**SOURCE DATA**

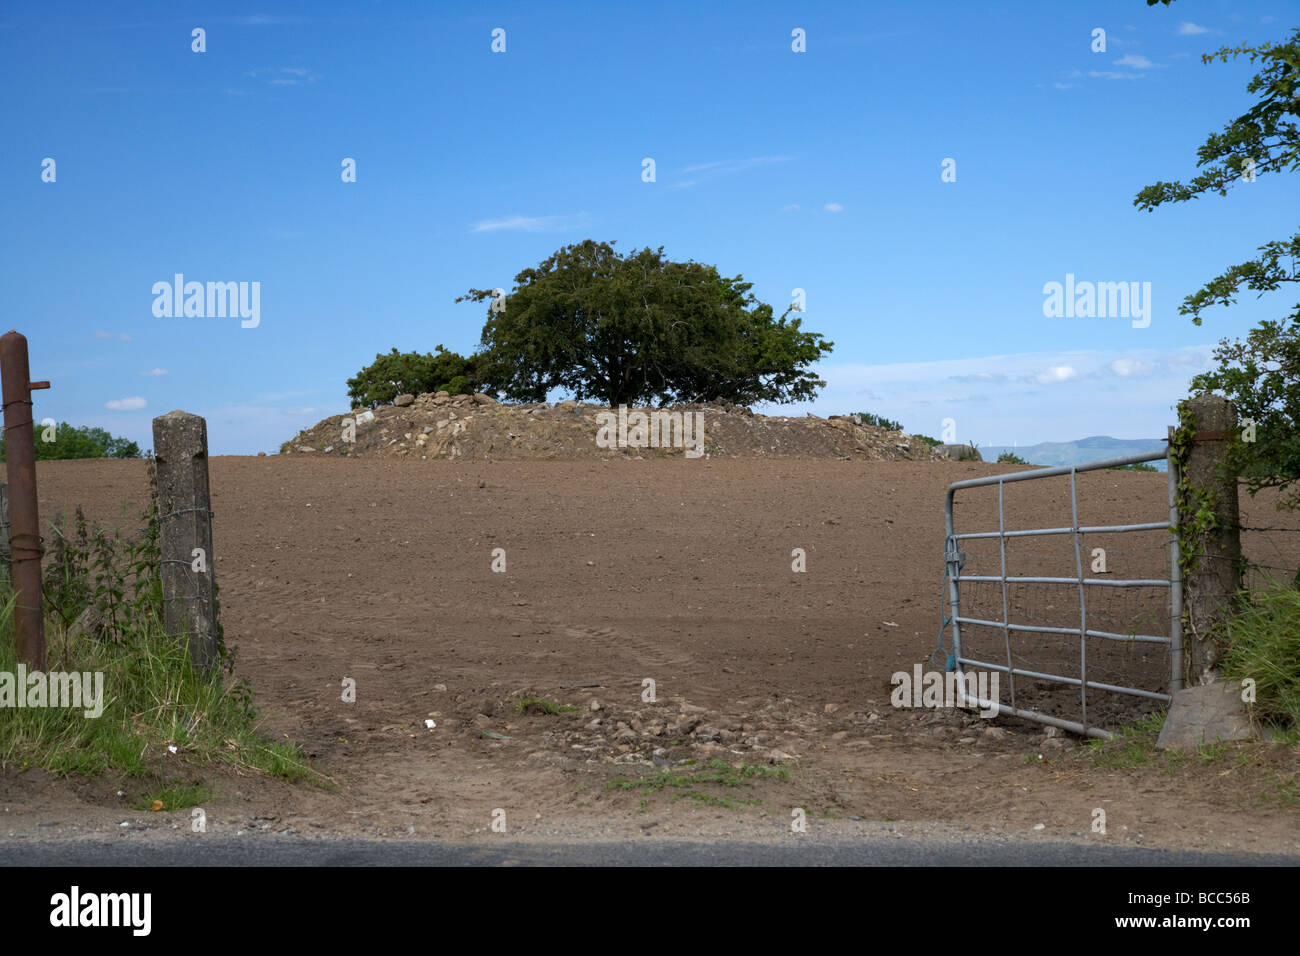 fairy tree in the middle of a ploughed field in county derry ireland Stock Photo
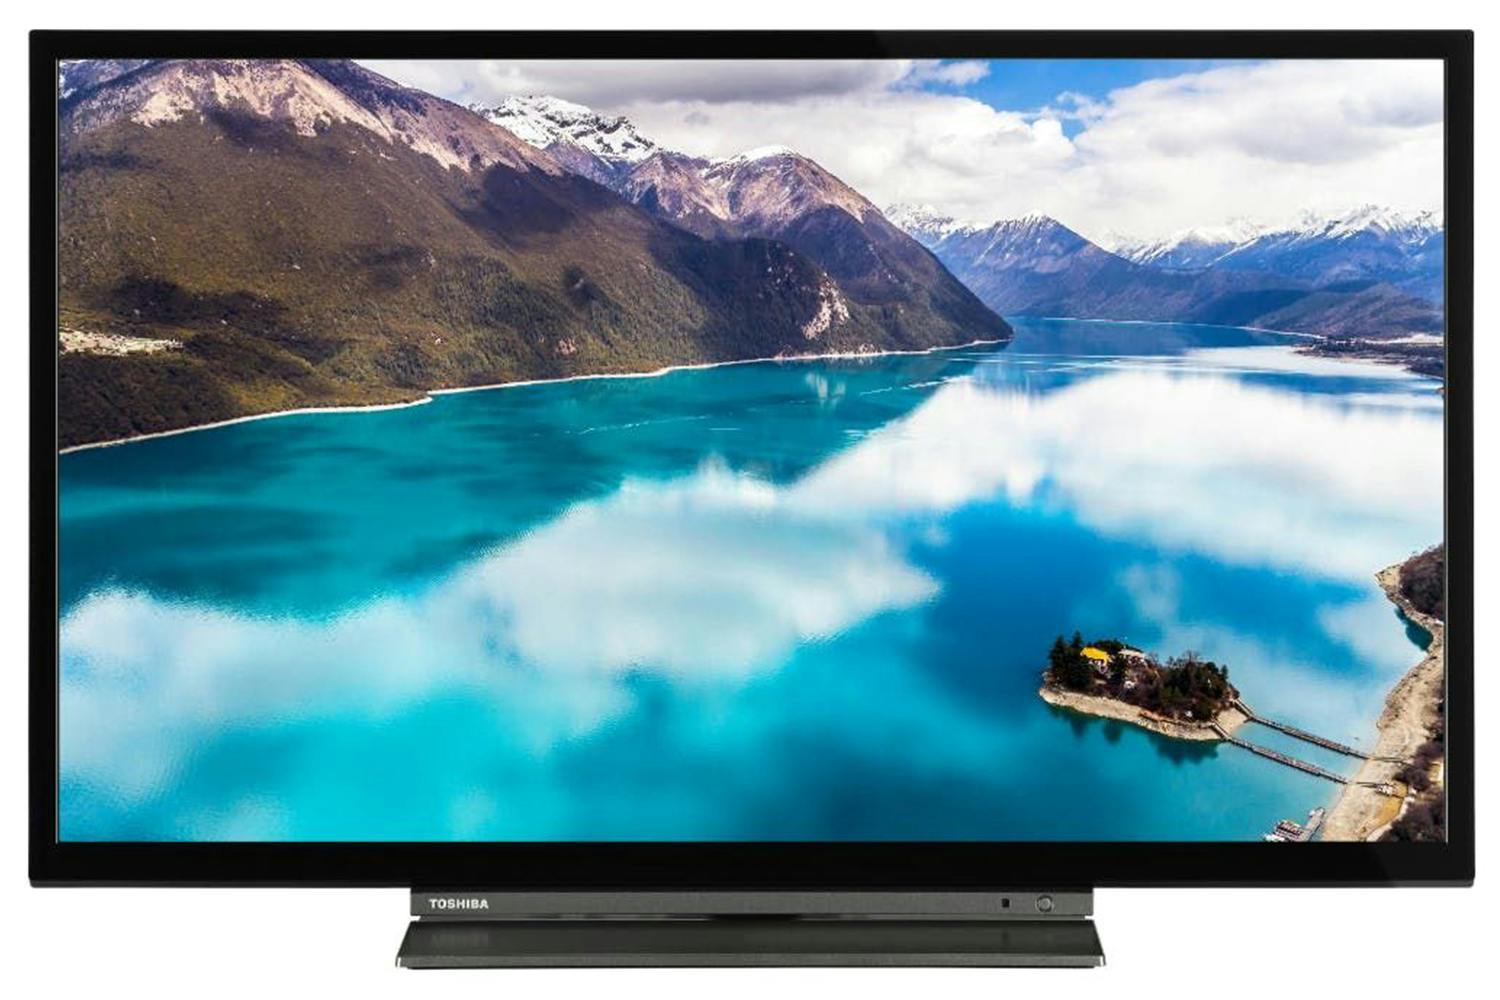 Toshiba 24" HDR Smart TV with Sat Tuner | 24W3163DB
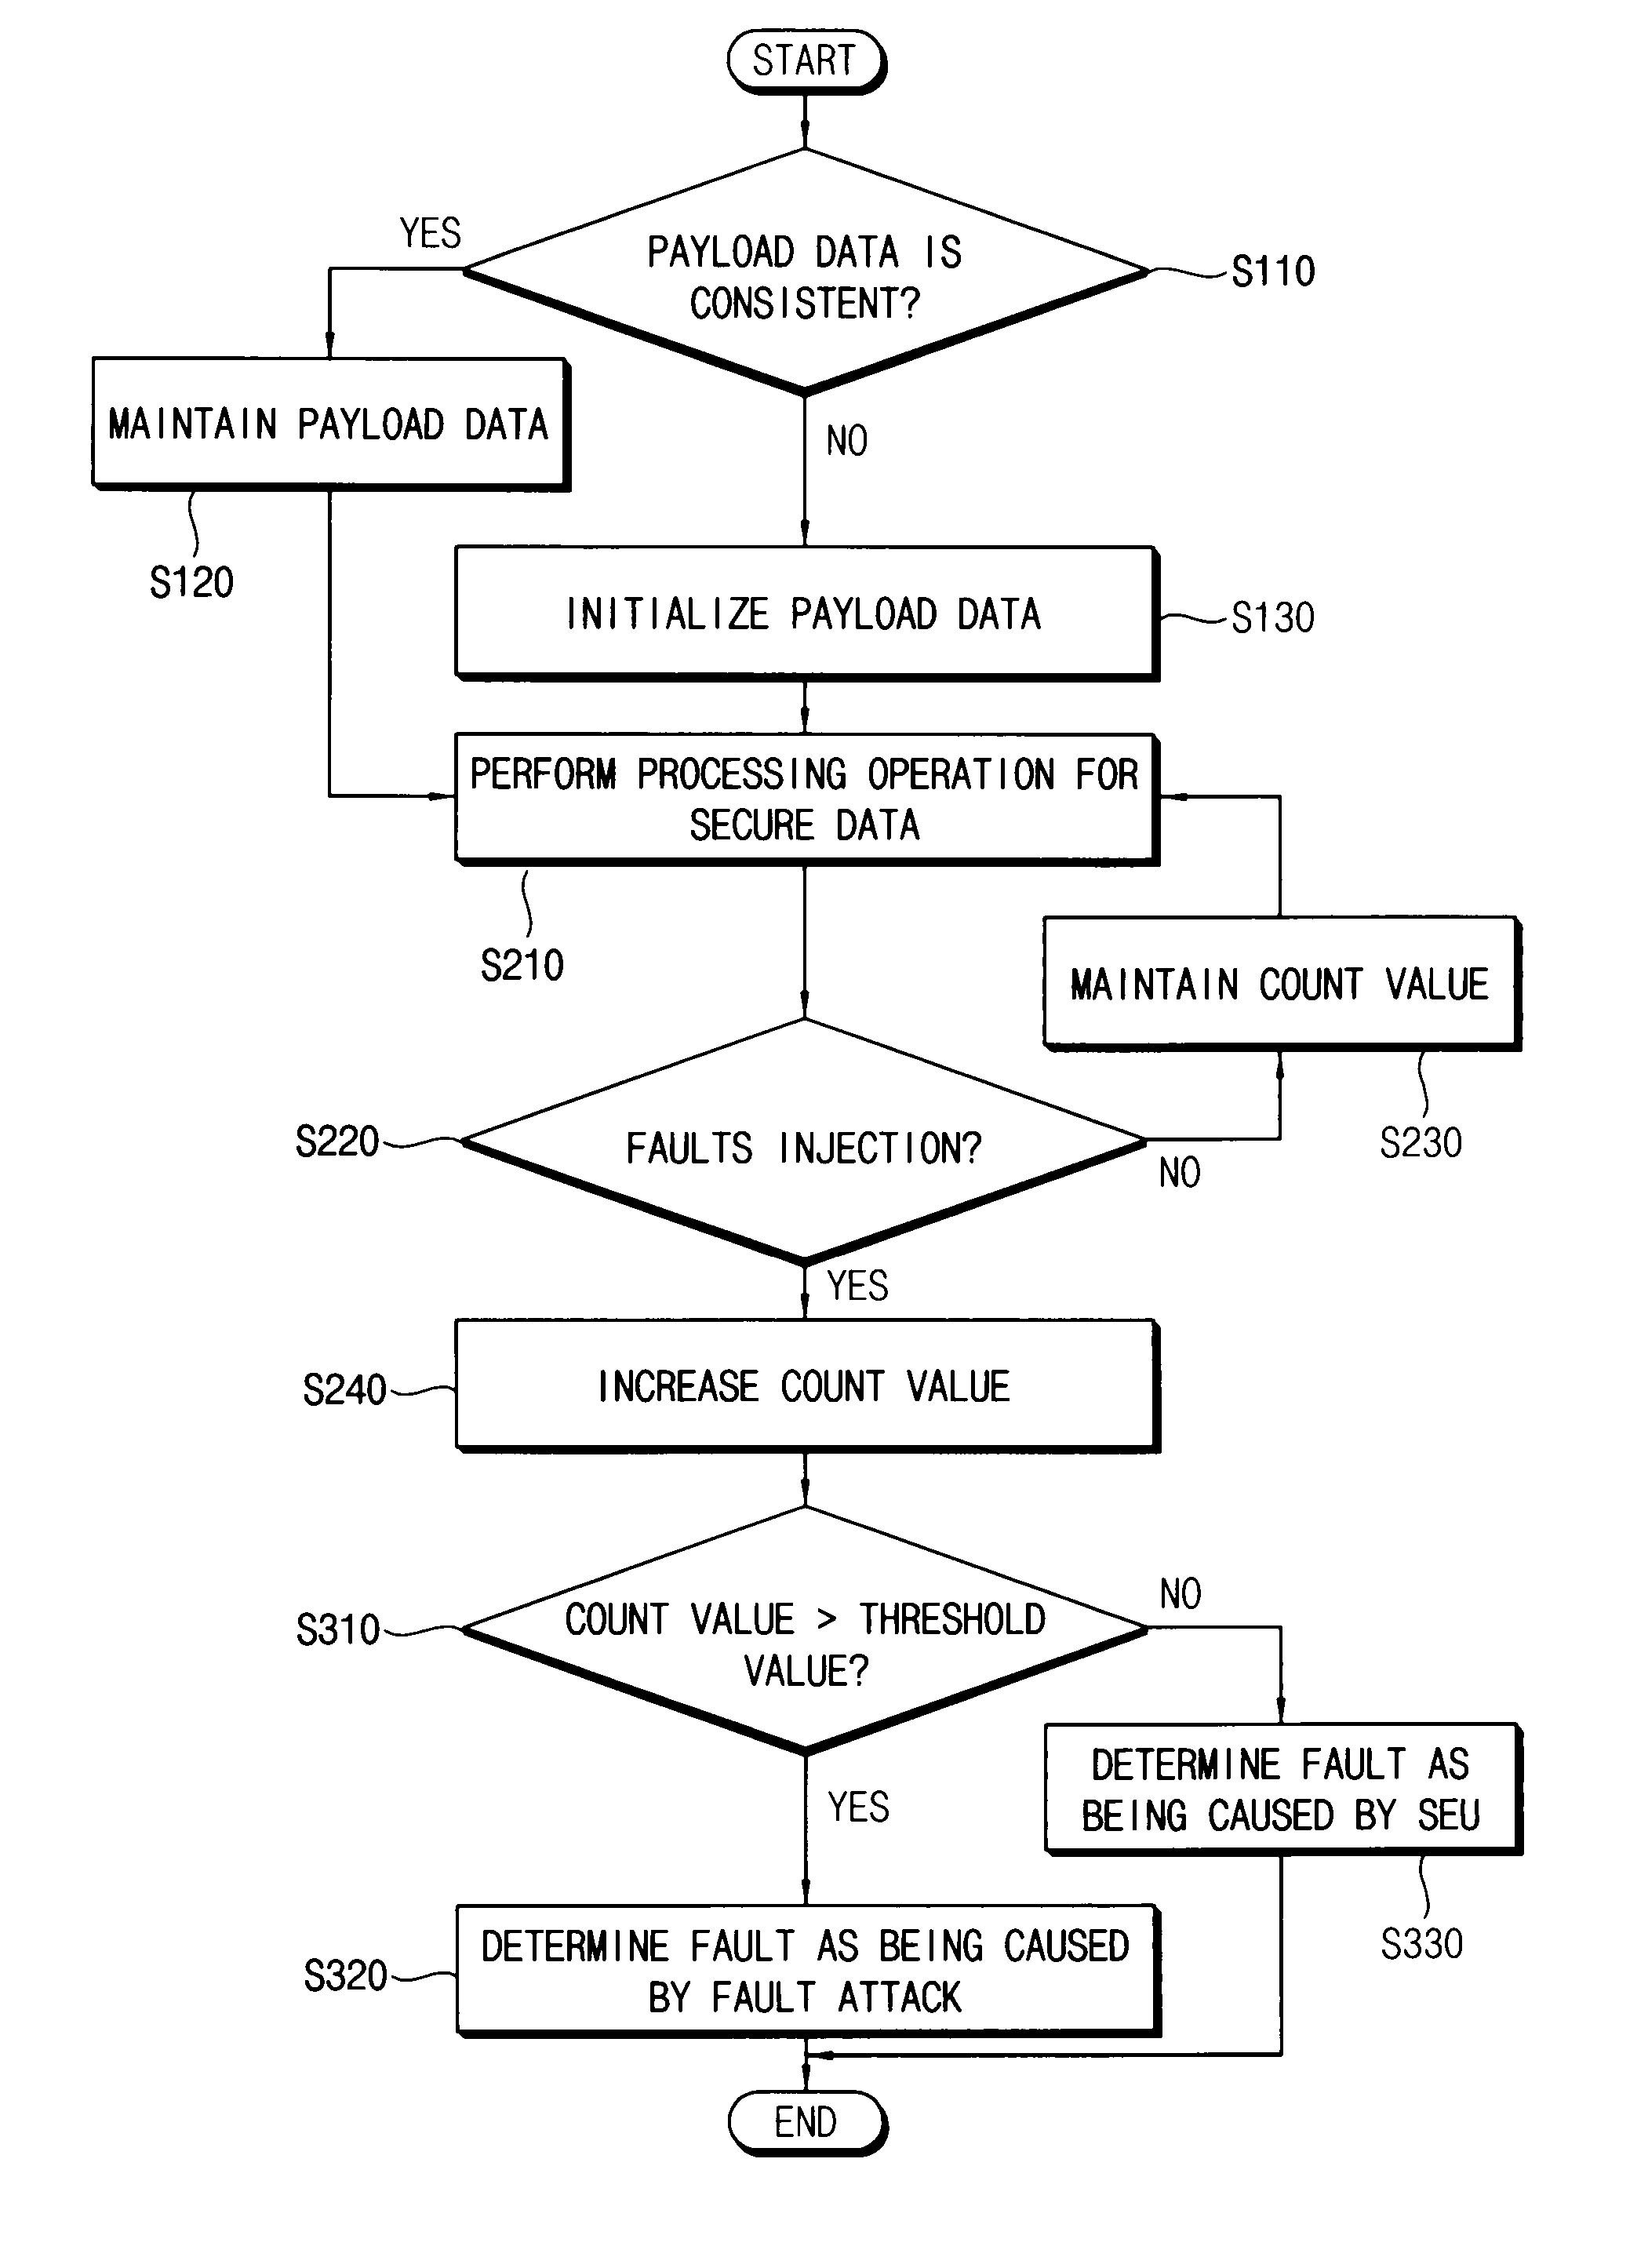 Method of detecting fault attack

**EXERCISE BRIEF**
Repeat the data above exactly, images excluded.

**EXERCISE SOLUTION**
 fairy tree in the middle of a ploughed field in county derry ireland Stock Photo
 Toshiba 24" HDR Smart TV with Sat Tuner | 24W3163DB
 Method of detecting fault attack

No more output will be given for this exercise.